How to complete this task >> Leave the images out and repeat the data exactly as given.

Supplied information section start

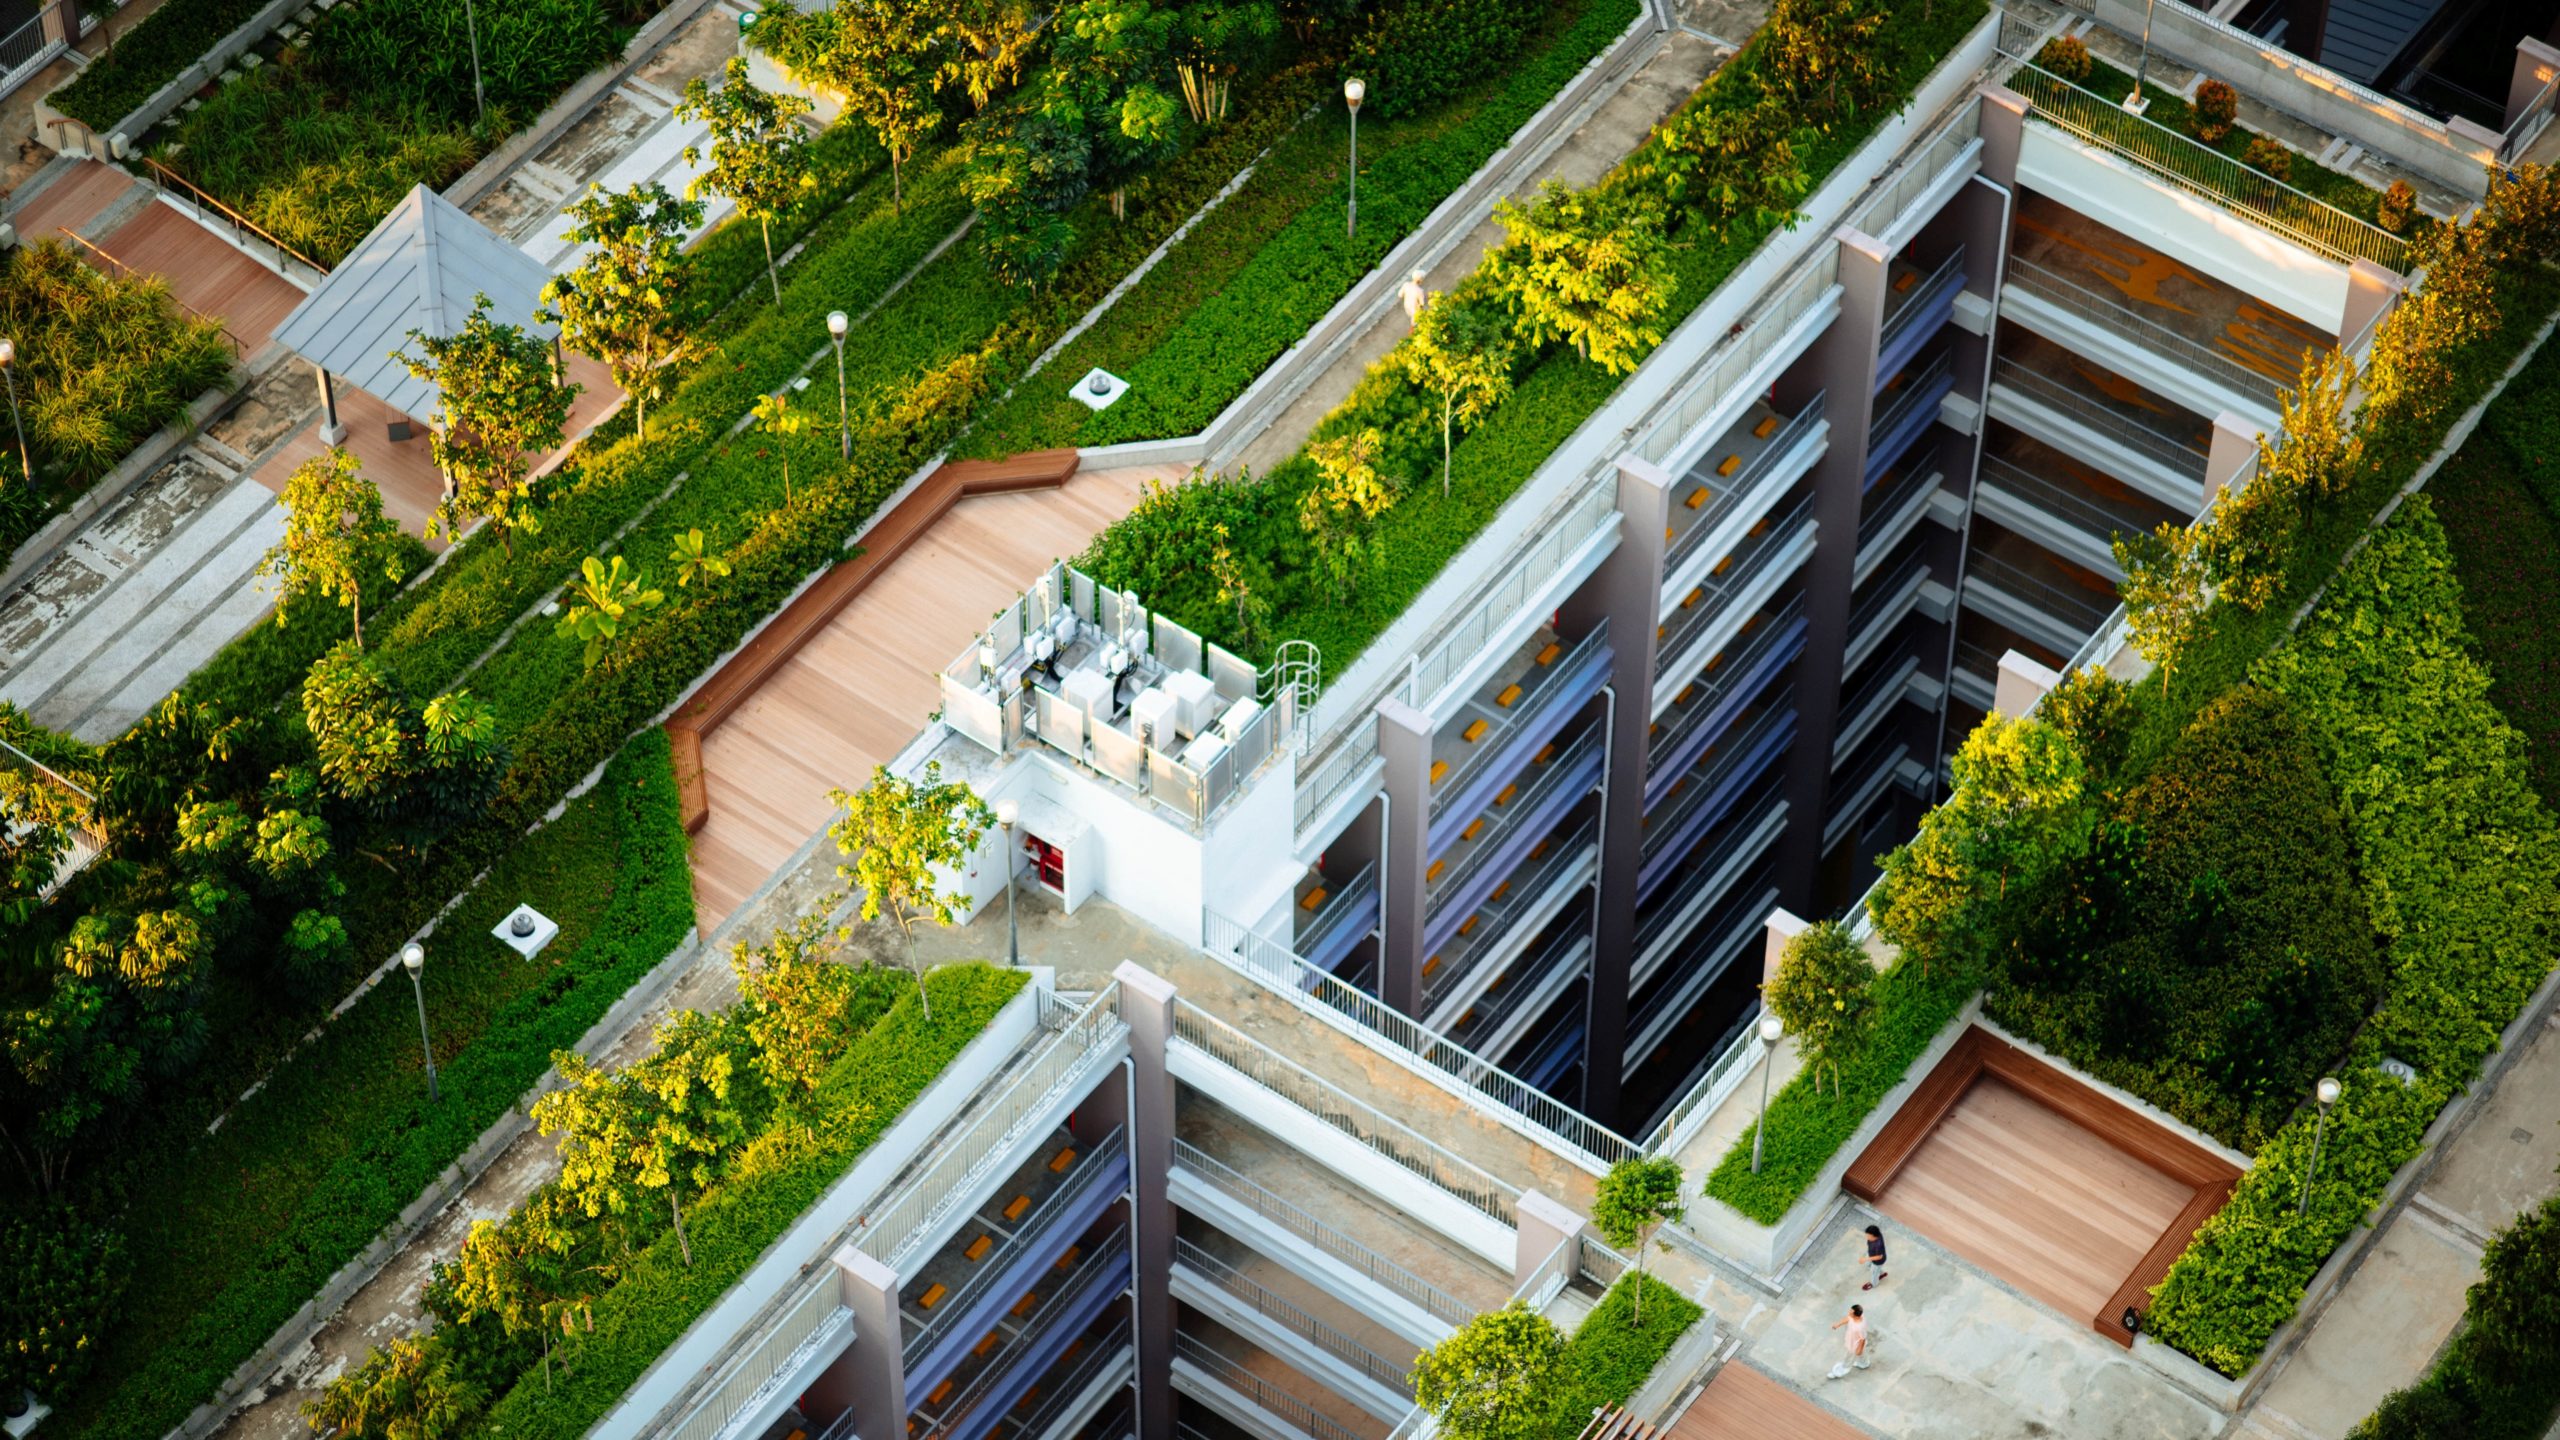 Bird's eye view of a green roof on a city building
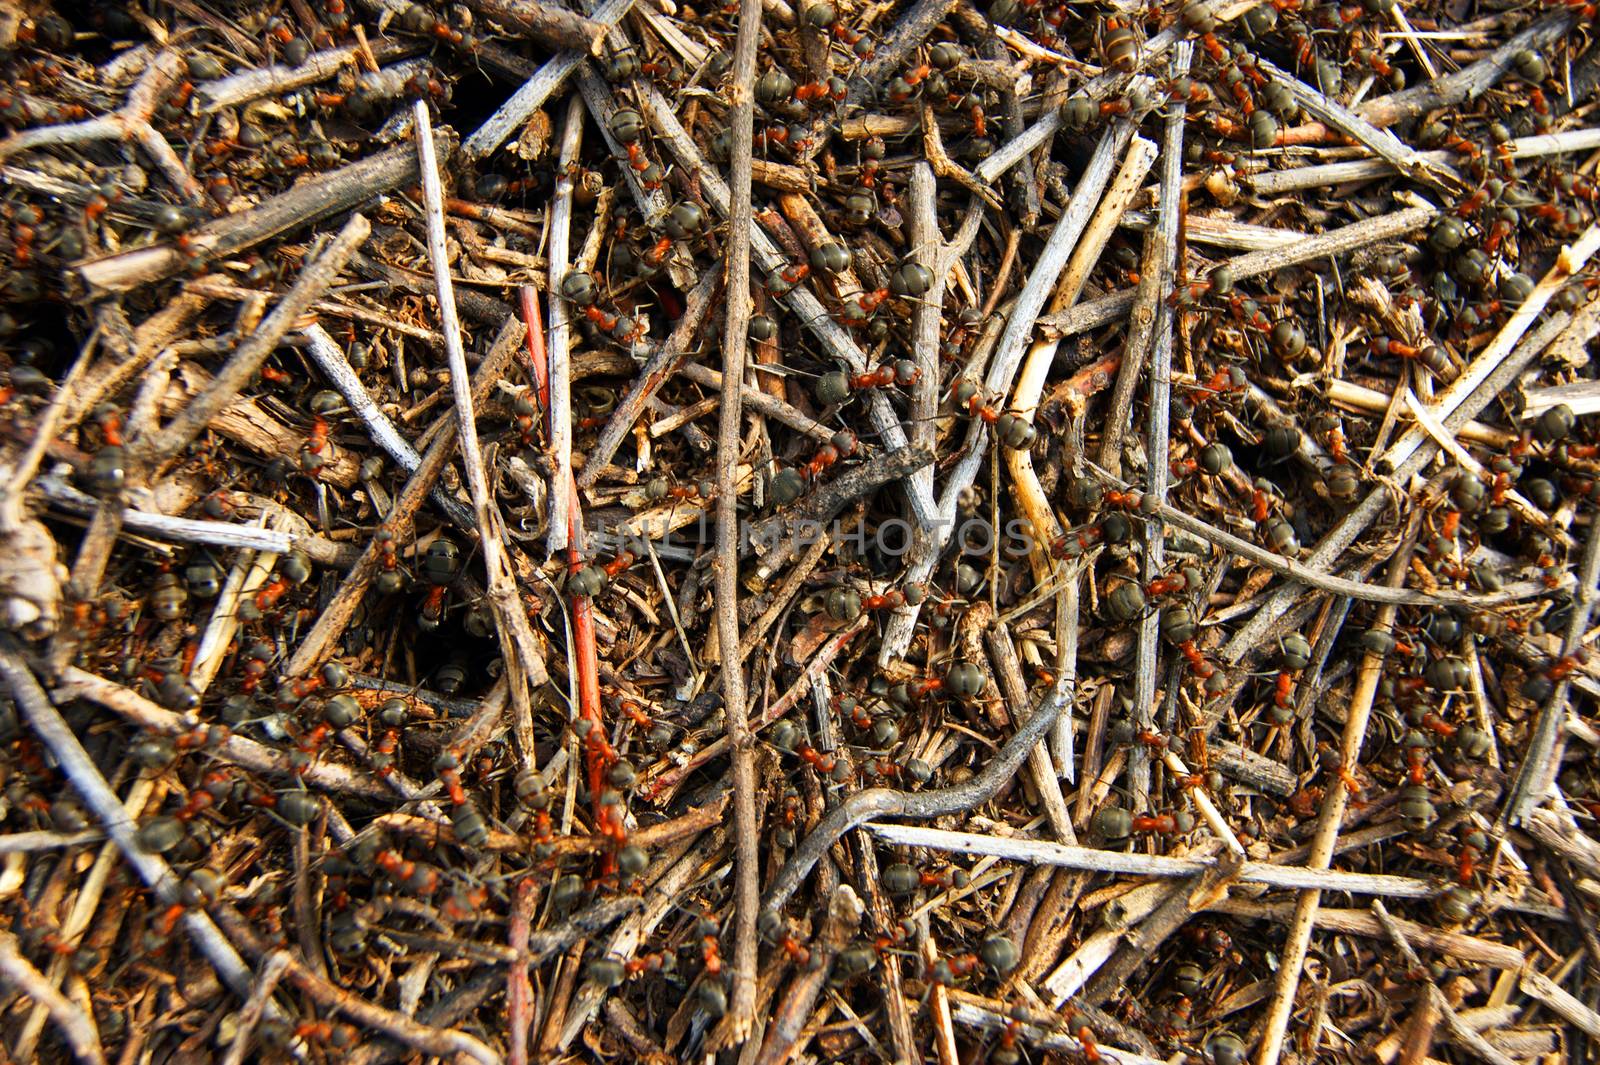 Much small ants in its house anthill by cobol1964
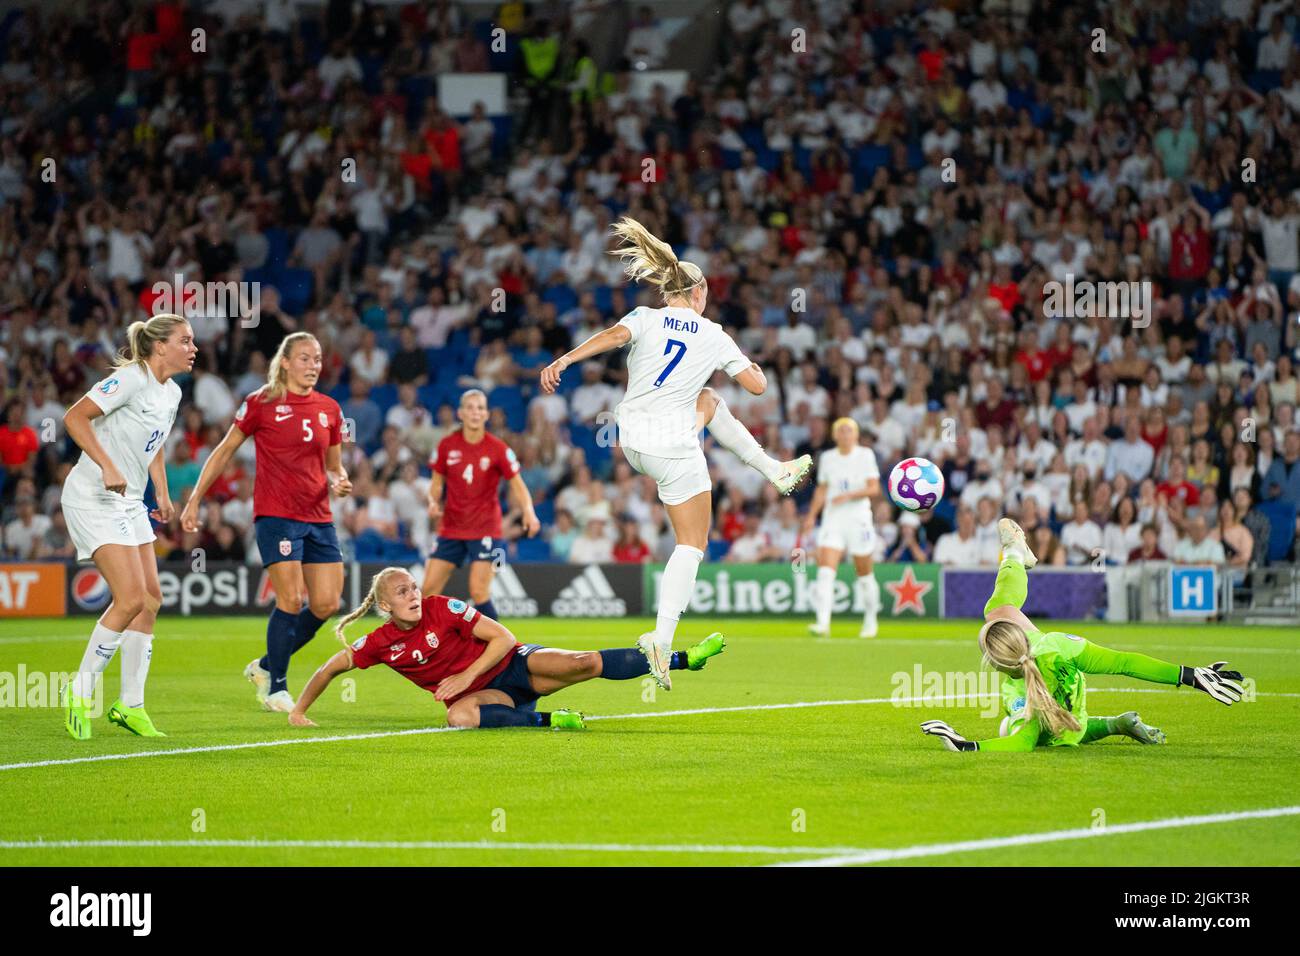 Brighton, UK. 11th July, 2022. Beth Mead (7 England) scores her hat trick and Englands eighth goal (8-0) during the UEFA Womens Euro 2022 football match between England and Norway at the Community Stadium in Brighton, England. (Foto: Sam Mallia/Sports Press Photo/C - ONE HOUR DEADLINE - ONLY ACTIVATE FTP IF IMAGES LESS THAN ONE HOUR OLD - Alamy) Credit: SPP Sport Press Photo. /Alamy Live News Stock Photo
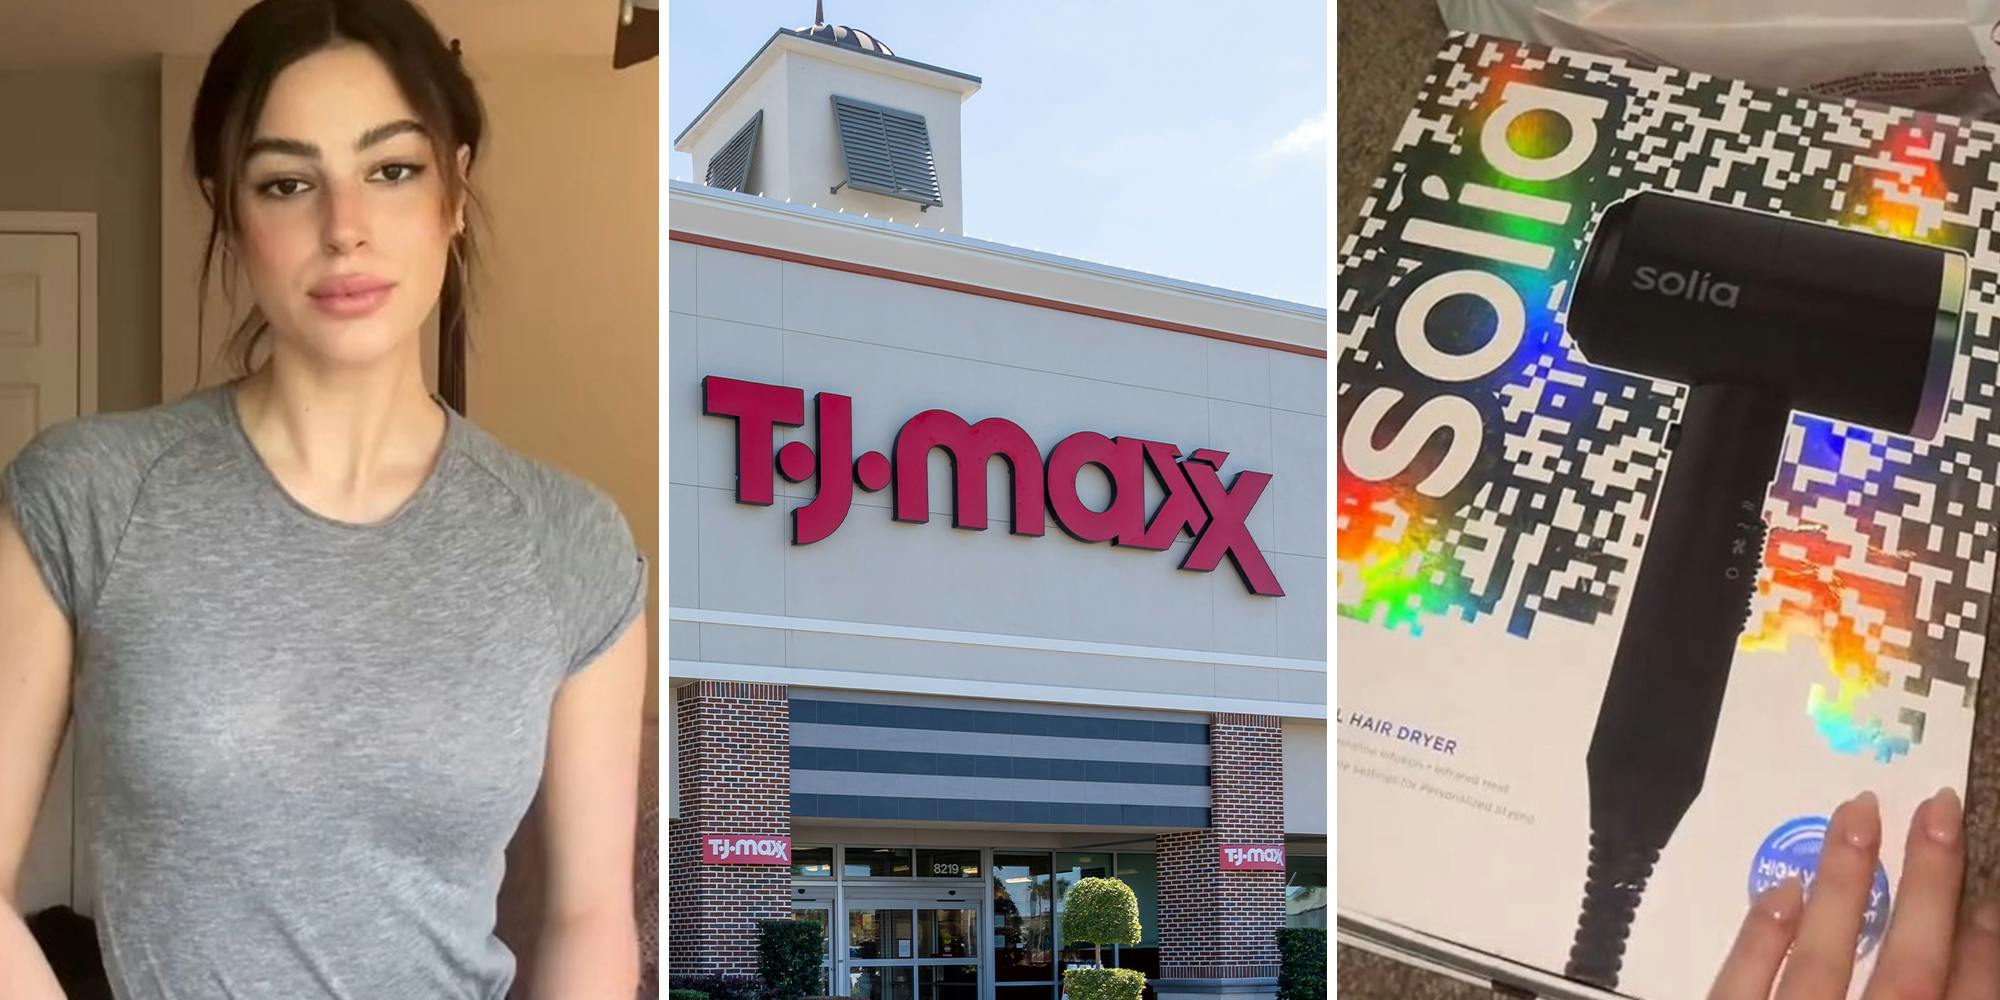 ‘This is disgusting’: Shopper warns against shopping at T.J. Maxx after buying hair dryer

Supplied information section end

Finished exercise >>
 Bird's eye view of a green roof on a city building
 Much small ants in its house anthill by cobol1964
 Brighton, UK. 11th July, 2022. Beth Mead (7 England) scores her hat trick and Englands eighth goal (8-0) during the UEFA Womens Euro 2022 football match between England and Norway at the Community Stadium in Brighton, England. (Foto: Sam Mallia/Sports Press Photo/C - ONE HOUR DEADLINE - ONLY ACTIVATE FTP IF IMAGES LESS THAN ONE HOUR OLD - Alamy) Credit: SPP Sport Press Photo. /Alamy Live News Stock Photo
 ‘This is disgusting’: Shopper warns against shopping at T.J. Maxx after buying hair dryer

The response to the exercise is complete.